Sequence alignments of the nsp3 CoV-Y domains from all nine coronavirus strains show that they share ~ 27–99% pairwise sequence identities (Fig. 3). Among SARS-CoV-2, BatCoV-RaTG13 and Pangolin-CoV, only eight nonsynonymous substitutions, most of which maintain hydrophobicity and polarity of the residue, are found in their respective CoV-Y domains, confirming a close relationship between these three strains (Supplementary Fig. S5). For the human coronavirus strains, the SARS-CoV-2 CoV-Y shares 88% sequence identity with that of SARS-CoV, whereas the other strains including MERS-CoV show a much more distant relationship with identities ranging from 32 to 47% (Fig. 3b). As for the individual subdomains, Y3 is the least conserved domain among human strains with sequence identities ranging from 16 to 79%, whereas Y2 and Y4 share relatively higher conservation (27% to 93%) (Fig. 3b and Supplementary Fig. S5). However, those highly conserved residues are located throughout the entire sequences of the CoV-Y domains (Fig. 3a), and it is not immediately clear whether they play any role in mediating nsp3 function.

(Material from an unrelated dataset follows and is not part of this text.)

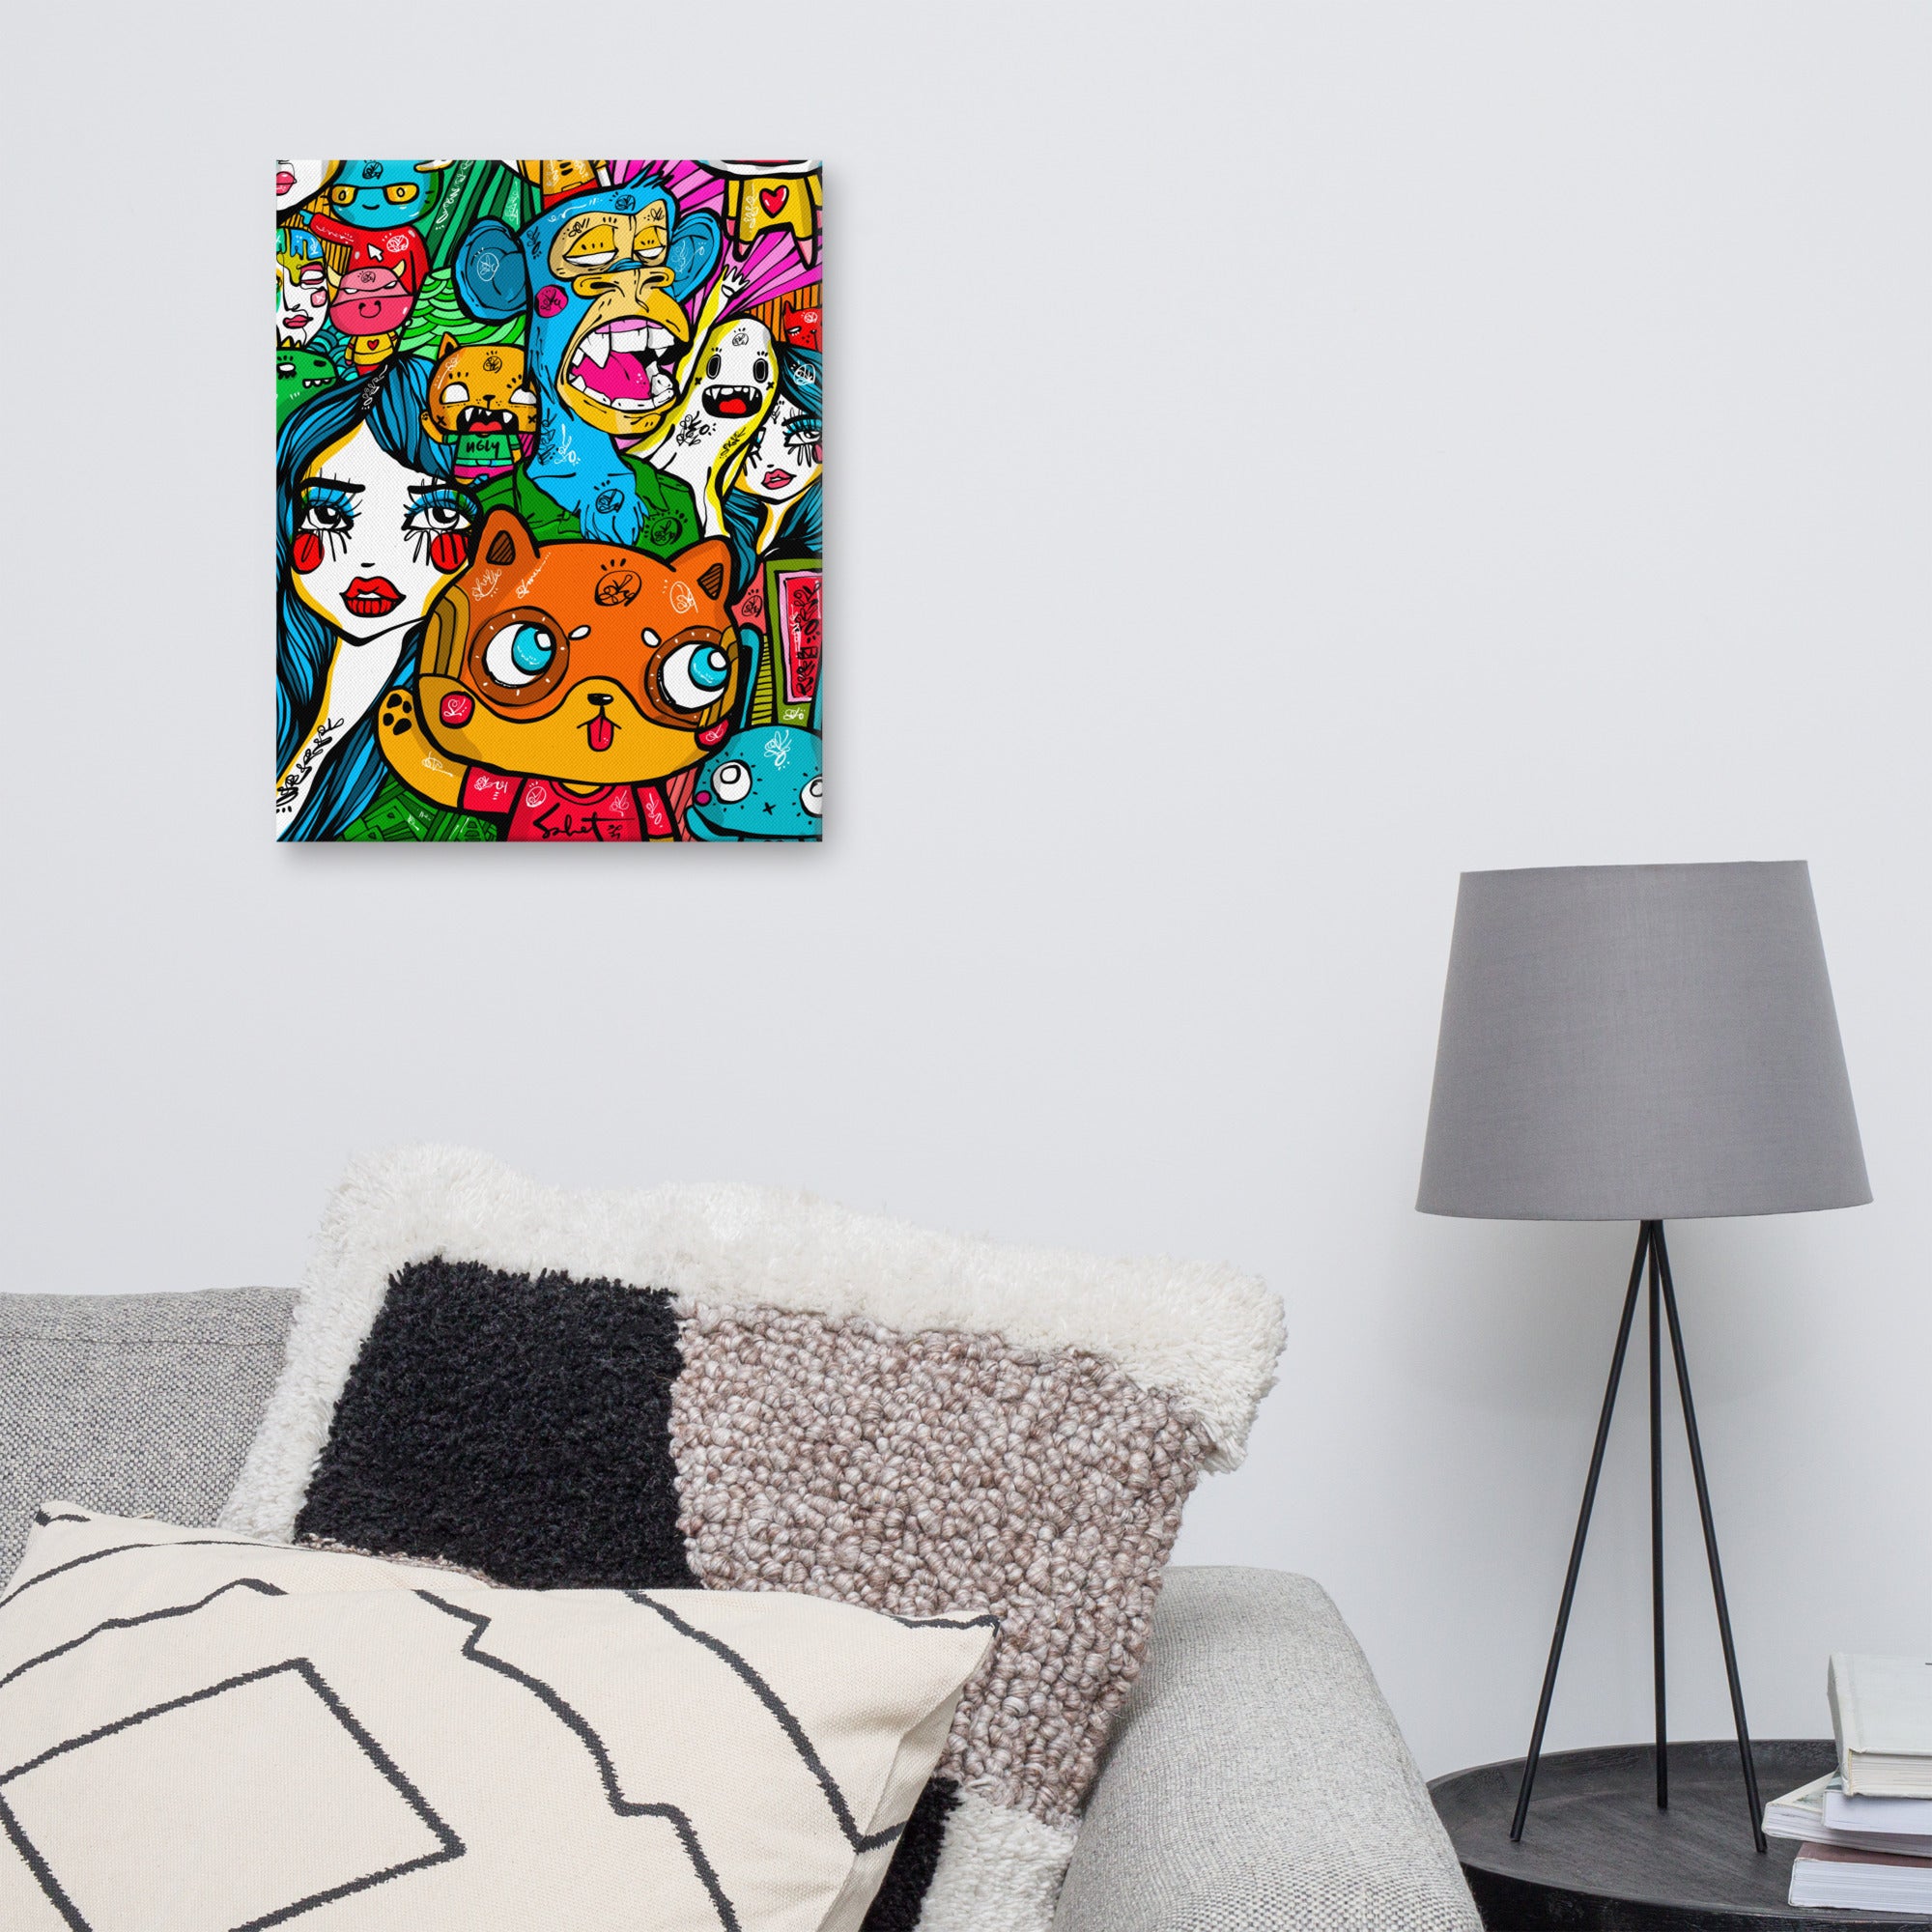 001 All Stars By Sabet 2021 Featuring Bored Apes Yacht Club Supershibas Ethereals, Madbulls, Coolcats Ugly Kitties and Pixopop Sabet Canvas Print

With the CoV-Y structure at hand, we can elaborate on several questions relating to sequence and structure conservation among its homologs. First, computationally-predicted 3D models suggest that the annotated Co-V domains of other human coronaviruses likely have structures similar to that of the SARS-CoV-2 CoV-Y (Fig. 4a). The overall fold of the six human CoV-Y homologs predicted using AlphaFold36 closely resembles the structure observed for the SARS-CoV-2 CoV-Y with a 3.2–3.9 Å rmsd for equivalent Cα positions. We note that AlphaFold is, in this instance, highly accurate in predicting a novel fold because the calculated SARS-CoV-2 CoV-Y structure can be superimposed with the crystal structure with a 2.3 ± 0.8 Å rmsd in Cα positions (Fig. 4b). This finding is significant in light of ongoing debates over the ability of machine learning to innovate beyond the domain of possibilities present in the training data. It is also striking that individual subdomains in the predicted structures share common topologies to those in the crystal structure (Fig. 4c). Major conformational differences lie in three extended loop regions connecting H22 and S25 in Y2, H33 and H34 in Y3, and H41 and H42 in Y4. Notably, the Y3 subdomains of the two Alphacoronavirus strains (HCoV-229E and HCoV-NL63) feature only three helixes and lack the presumed H32 helix found in all Betacoronavirus strains, consistent with the smaller sizes of their CoV-Y domains (Fig. 4a,c and Supplementary Fig. S5). In addition, all five top models calculated for each CoV-Y homolog are generally matched closely to each other, with rmsd ranging from 1.0 to 2.3 Å in Cα positions, suggesting that top-ranked models display good fidelity (Supplementary Table S2). These analyses suggest that the core fold of the SARS-CoV-2 nsp3 CoV-Y domain likely represents a common fold for all CoV-Y domains in known human coronaviruses.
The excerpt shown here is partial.